Literature DB >> 31052671

An end-to-end fully-convolutional neural network for division of focal plane sensors to reconstruct S0, DoLP, and AoP.

Xianglong Zeng, Yuan Luo, Xiaojing Zhao, Wenbin Ye.   

Abstract

Division of focal plane (DoFP) polarimeter is widely used in polarization imaging sensors. The periodically arranged micro-polarizers integrated on the focal plane ensure its outstanding real-time performance, but reduce the spatial resolution of output images and further affect the calculation of polarization parameters. In this paper, a four-layer, end-to-end fully convolutional neural network called Fork-Net is proposed, which aims to directly improve the imaging quality of three polarization properties: intensity (i.e., S0), degree of linear polarization (DoLP), and angle of polarization (AoP), rather than focusing on reducing the interpolation error of intensity images of different polarization orientations. The Fork-Net accepts raw mosaic images as input and directly outputs S0, DoLP, and AoP. It is also trained with a customized loss function. The experimental results show that compared with existing methods, the proposed one achieves the highest peak signal-to-noise ratio (PSNR) and prominent visual quality on output images.
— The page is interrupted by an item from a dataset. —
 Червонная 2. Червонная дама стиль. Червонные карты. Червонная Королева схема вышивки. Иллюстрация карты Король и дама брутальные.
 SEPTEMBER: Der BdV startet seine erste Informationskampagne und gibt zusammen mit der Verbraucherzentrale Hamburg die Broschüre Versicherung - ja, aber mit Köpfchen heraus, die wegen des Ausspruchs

Year:  2019        PMID: 31052671     DOI: 10.1364/OE.27.008566

Source DB:  PubMed          Journal:  Opt Express        ISSN: 1094-4087            Impact factor:   3.894


  2 in total

1.  New diagonal micropolarizer arrays designed by an improved model in fourier domain.

Authors:  Jia Hao; Yan Wang; Kui Zhou; Xiaochang Yu; Yiting Yu
Journal:  Sci Rep       Date:  2021-03-11       Impact factor: 4.379

2.  Residual Interpolation Integrated Pixel-by-Pixel Adaptive Iterative Process for Division of Focal Plane Polarimeters.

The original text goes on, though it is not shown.